Directions
Keep the images out while you set down the data exactly.

Source data
---*---

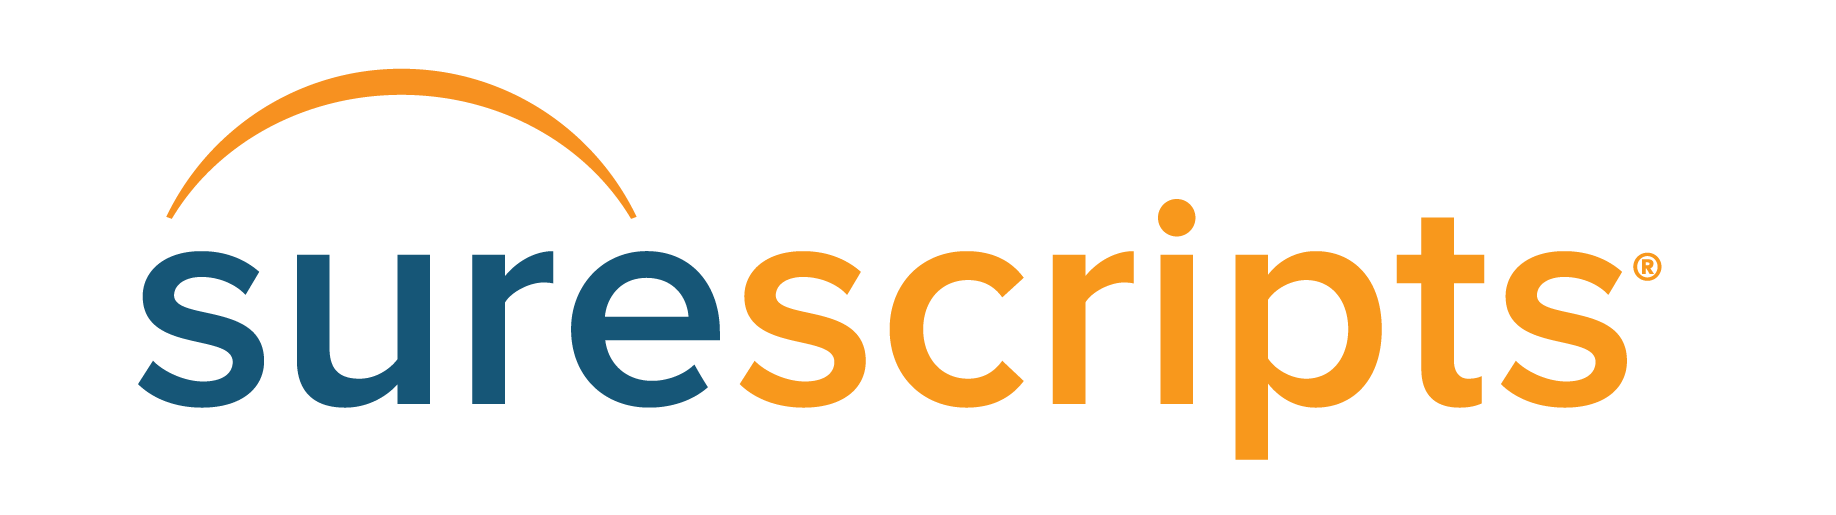 surescripts-logo-highres
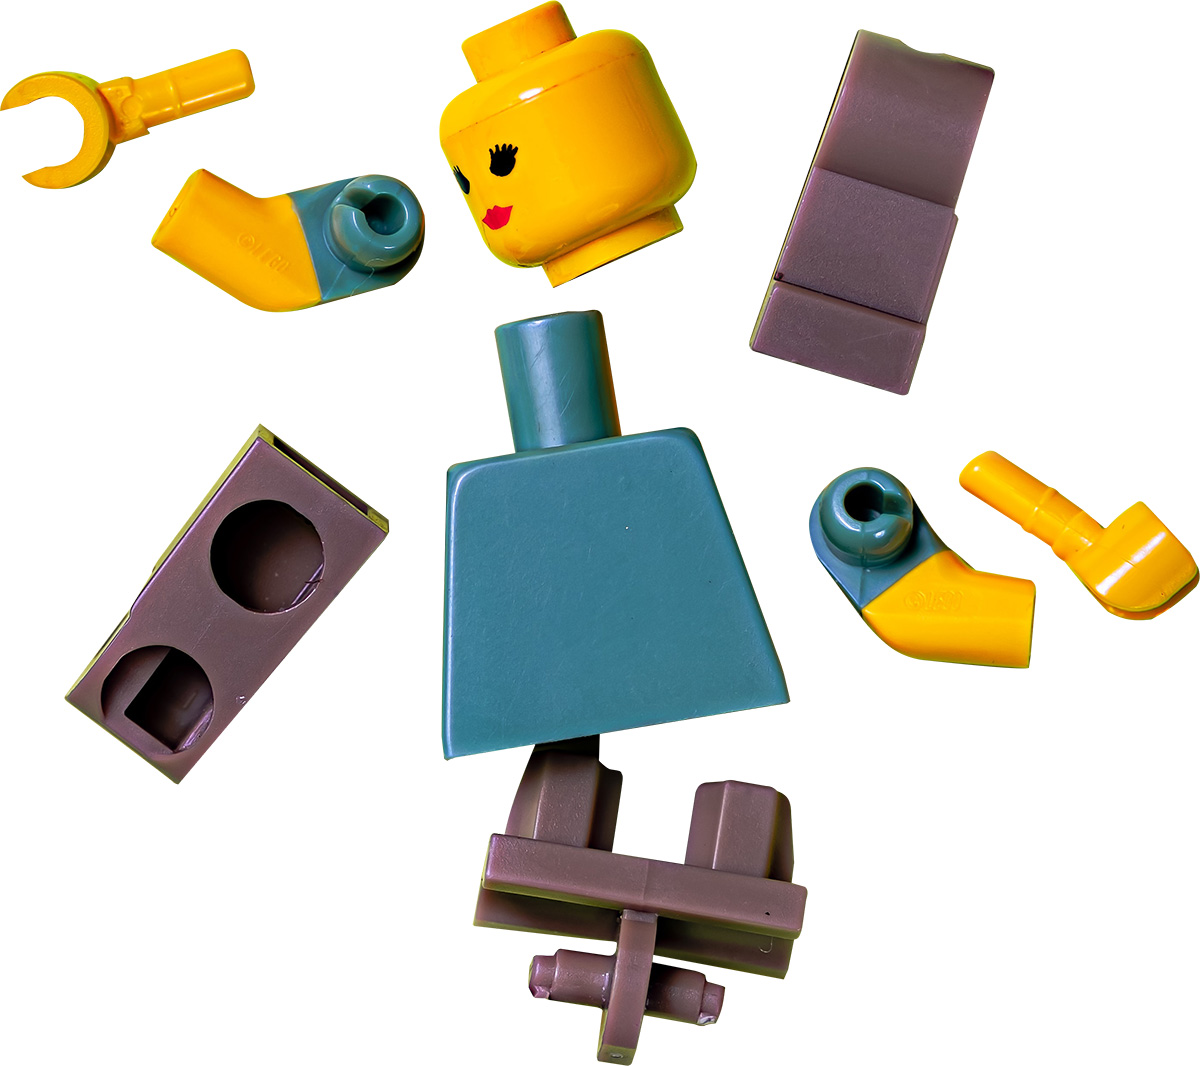 Lego-Figur die in einzelnen Teilen zerlegt wurde
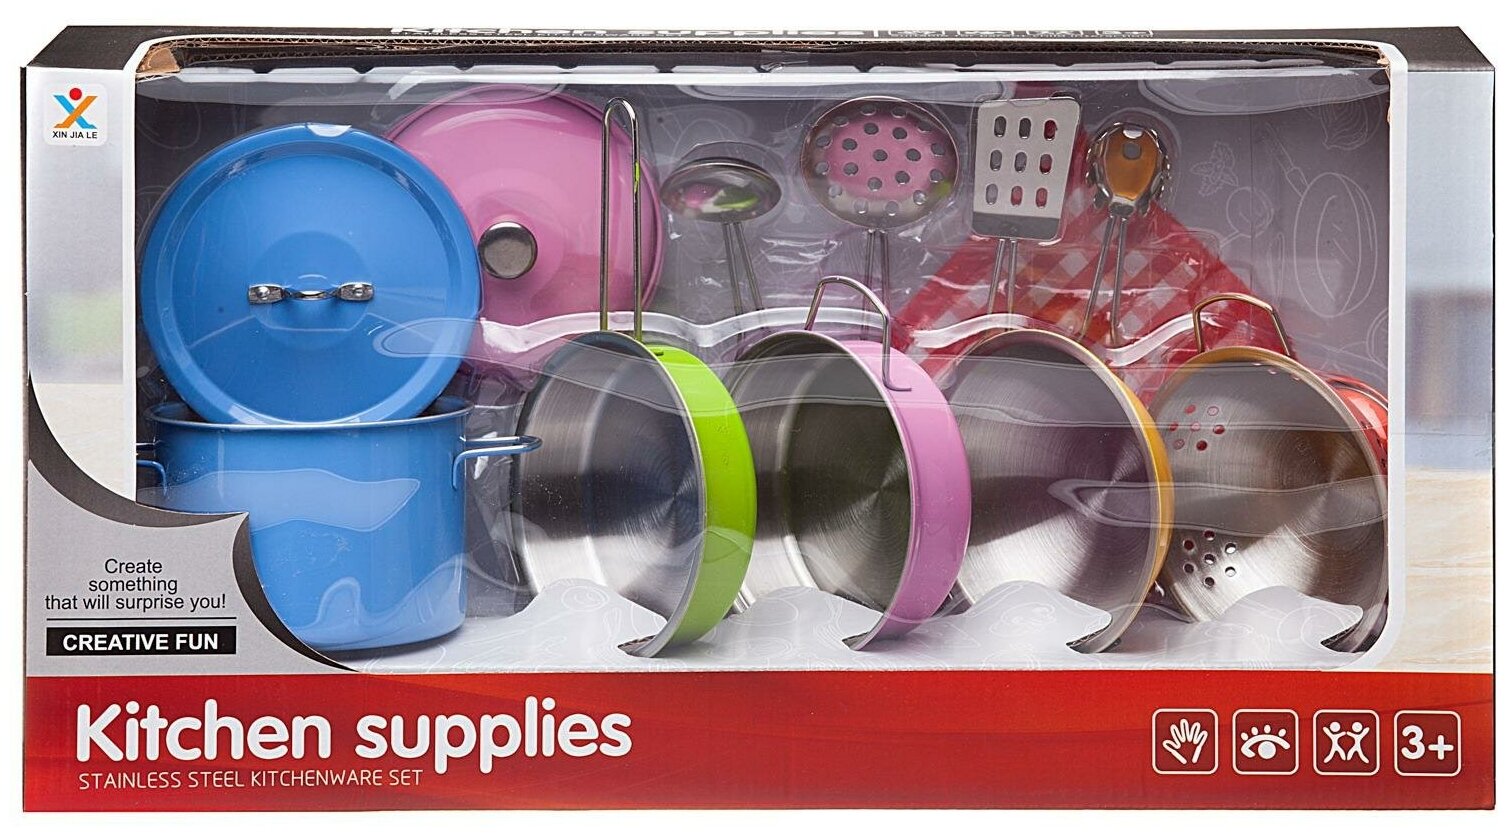 Игровой набор Junfa Посуда металлическая (разноцветная), в наборе 12 предметов WK-14810
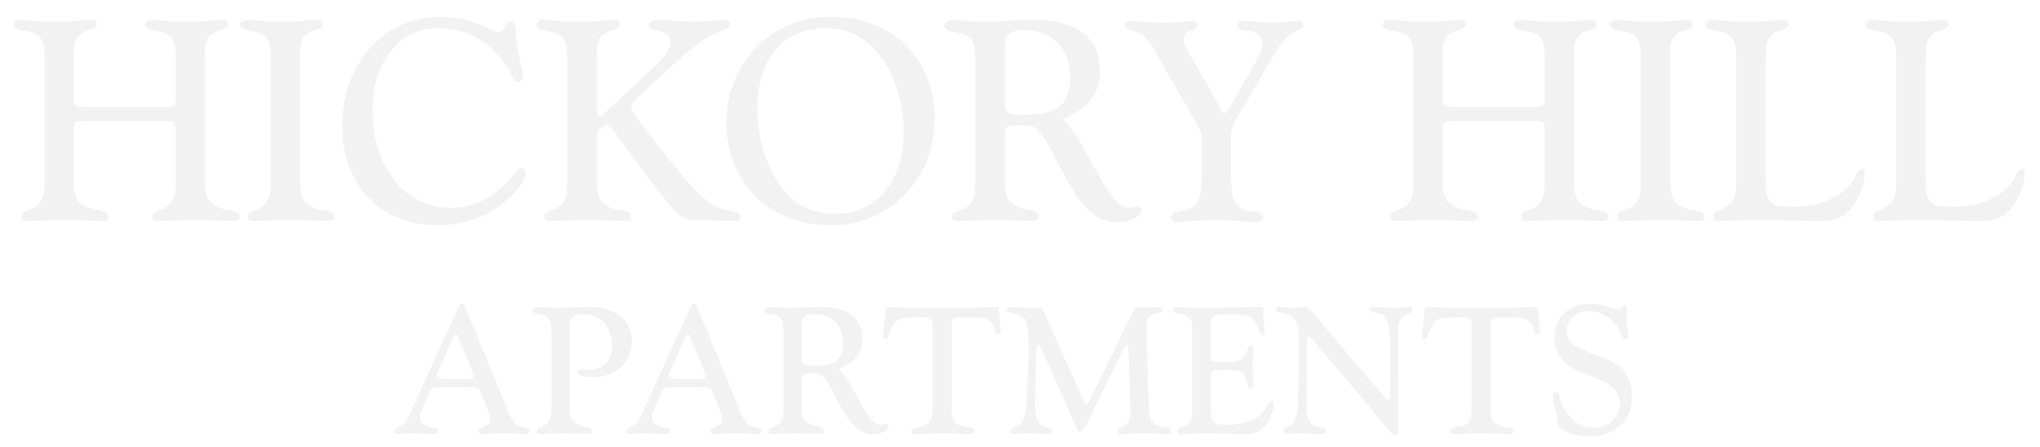 Hickory Hill Apartments Logo

---*---

Result
 surescripts-logo-highres
 Lego-Figur die in einzelnen Teilen zerlegt wurde
 Игровой набор Junfa Посуда металлическая (разноцветная), в наборе 12 предметов WK-14810
 Hickory Hill Apartments Logo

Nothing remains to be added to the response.